Y más: ¿son los Beatles una cumbre creativa o un producto de marketing?  Urge dar unas sesiones de formación de marketing a aquellos periodistas responsables de hablar a audiencias de miles de personas.   Dar a luz una "cumbre creativa" ES DE POR SI marketing, esto es, ofrecer a un público concreto, un producto sobresaliente que satisface una necesidad no cubierta hasta entonces.  Tener la sensibilidad para subir a un escenario con sólo dos guitarras, un bajo y una batería, componer canciones de amor con atrevimiento rompiendo los cánones de su época, dejarse el pelo largo y contonearse sobre el escenario, no son poses comerciales: es temperamento creativo.  Y ES MARKETING, desde luego.  Porque es que el marketing es el proceso de construir un producto excelente, no una técnica de venta.
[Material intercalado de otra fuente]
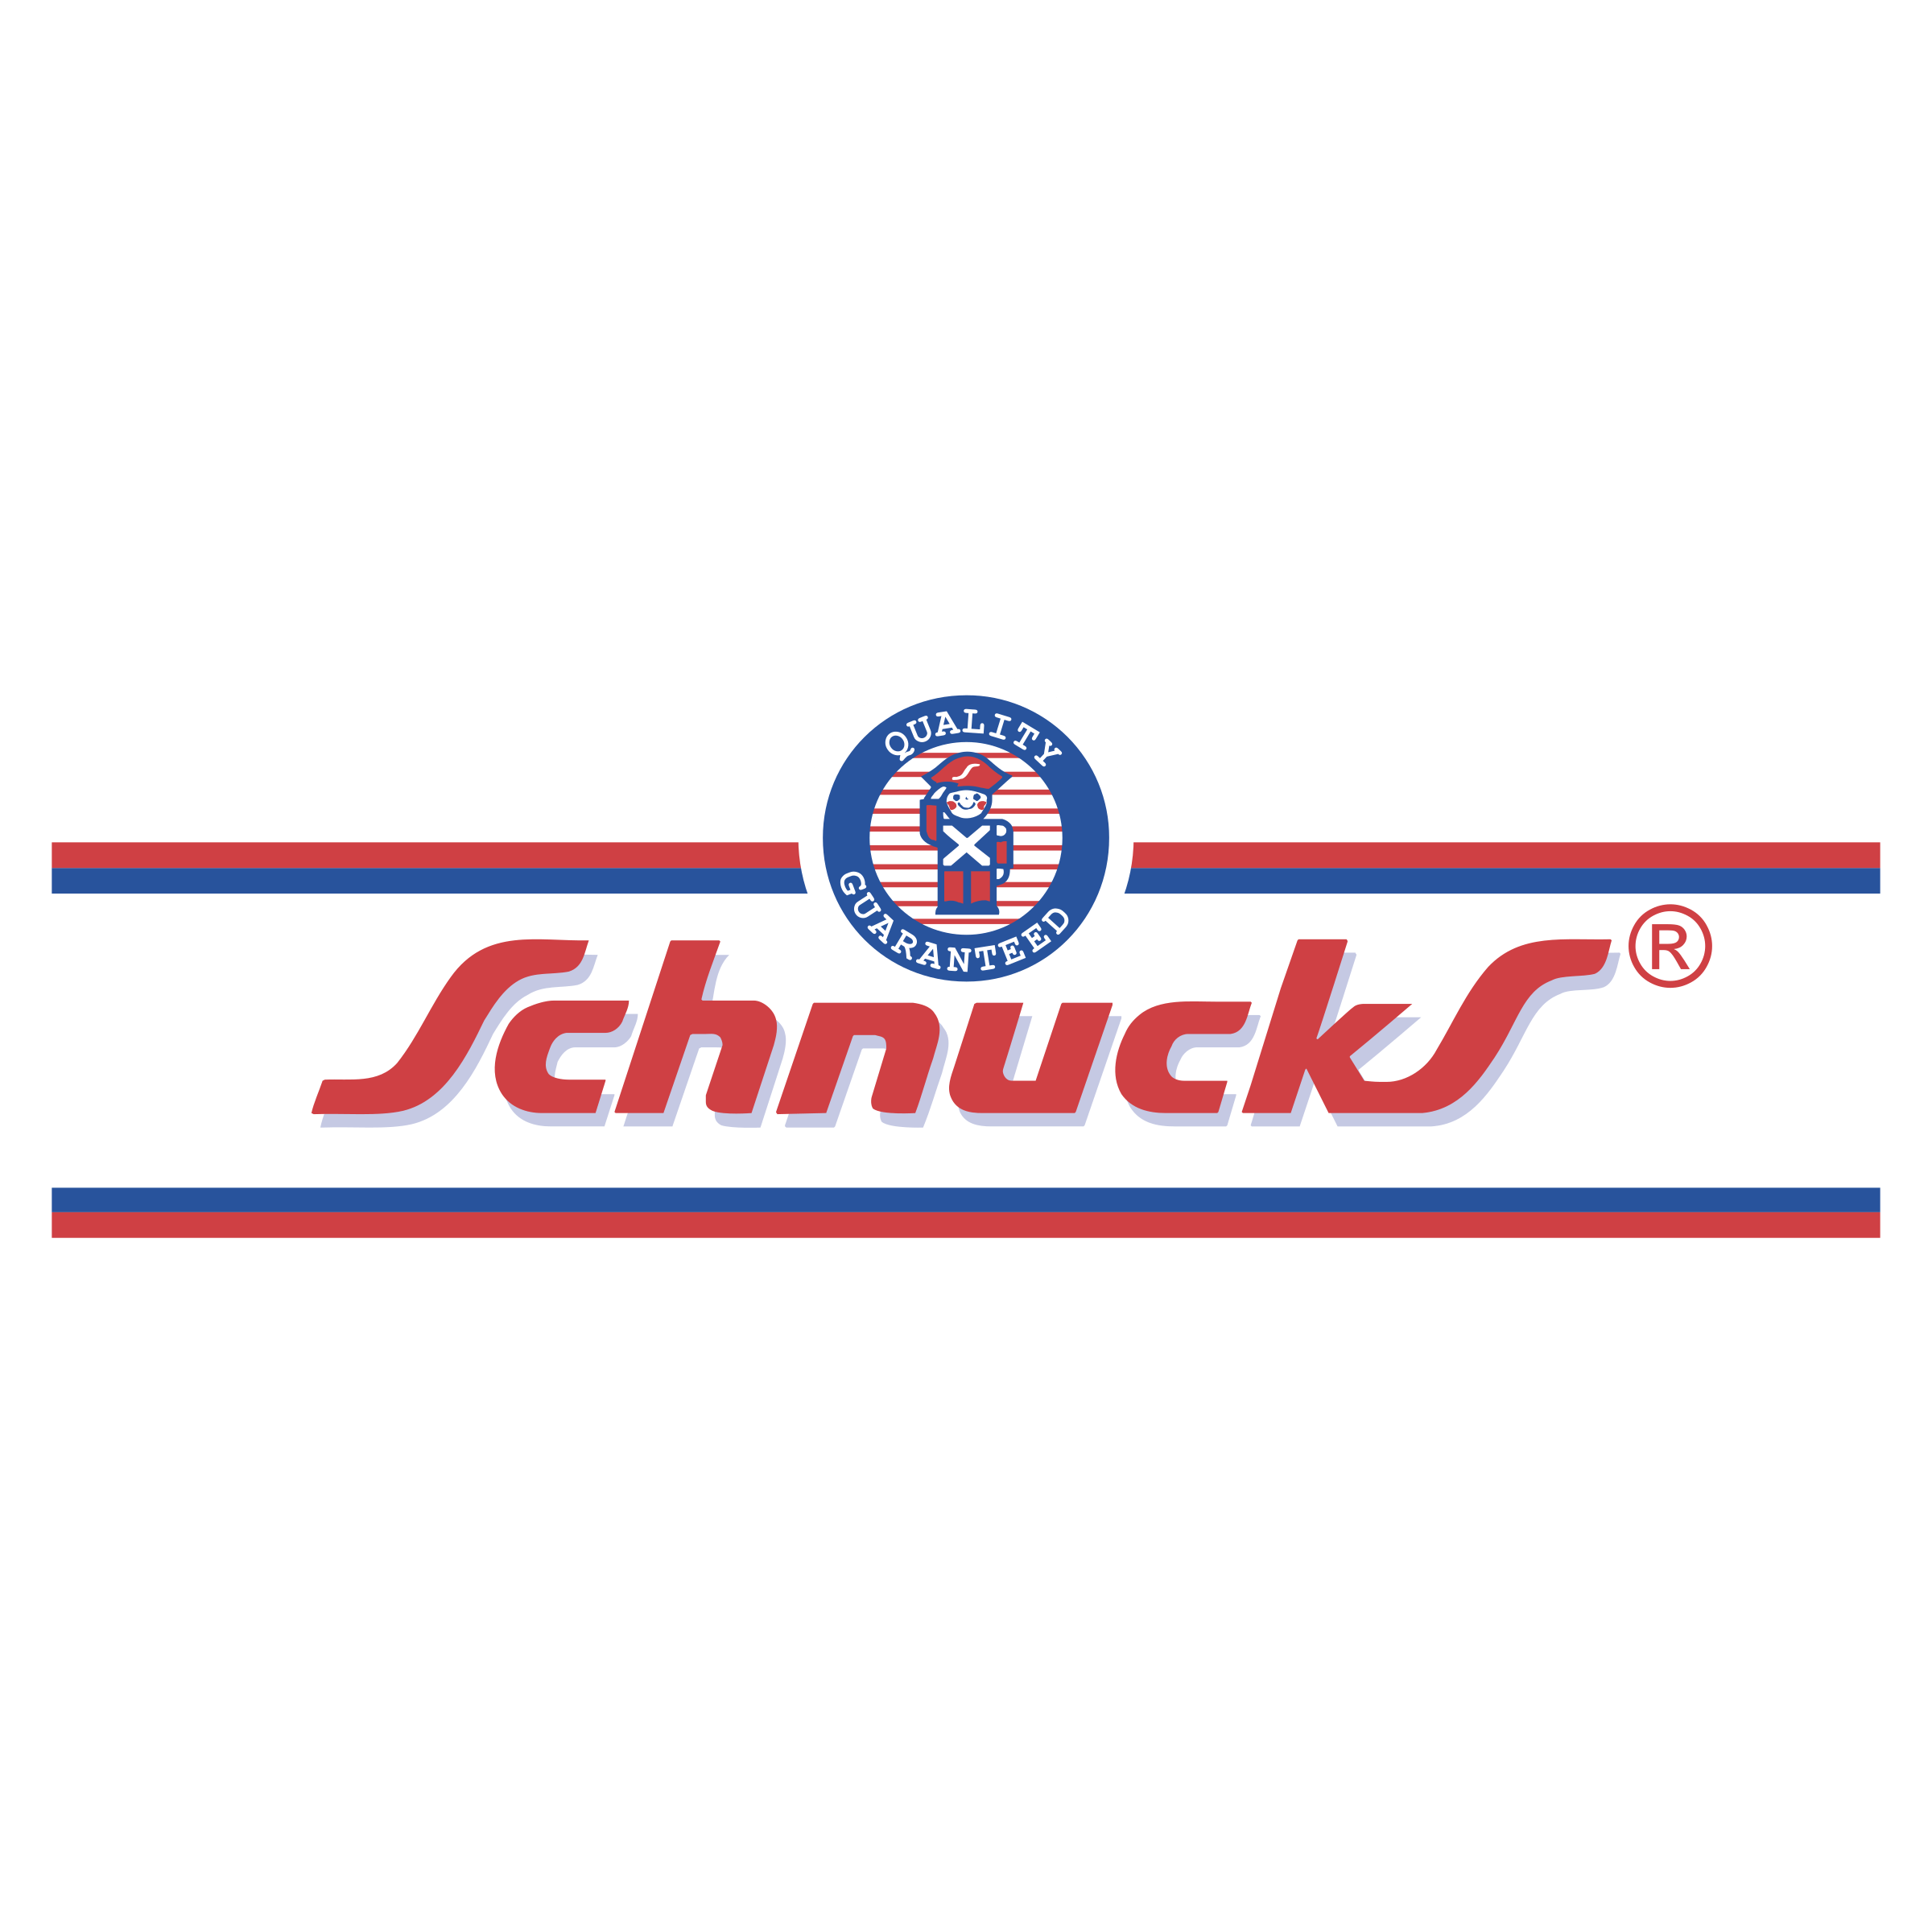 Schnucks Logo - Schnucks Logo PNG Transparent & SVG Vector - Freebie Supply

Por último:  "…antes con una campaña en una cadena tv, dos periódicos y cuatro radios podías crear una marca.  Eso ahora es imposible".  Las marcas no las crean ni las han creado jamás los medios.  Las crean los consumidores cuando las tienen en sus manos.  Los medios se limitaban a comunicar, no a crear.  Si los Beatles se hubiesen refugiado en una "safe option",otro grupo de blues tontorrón, o de soul britanizado, esa misma exposición en los medios les habría servido de bien poco.  La marca nace, y con él el mito, cuando la música de los de Liverpool desembarca con tanta fuerza en las vidas de sus oyentes.

Lo que sí ha cambiado -pero claro, esto no lo dicen abiertamente las grandes discográficas-, es la capacidad de estas para imponer su abanico de artistas prioritarios.  Repito: lo irrelevante sigue siendo irrelevante, aunque se intente publicitar repetitivamente.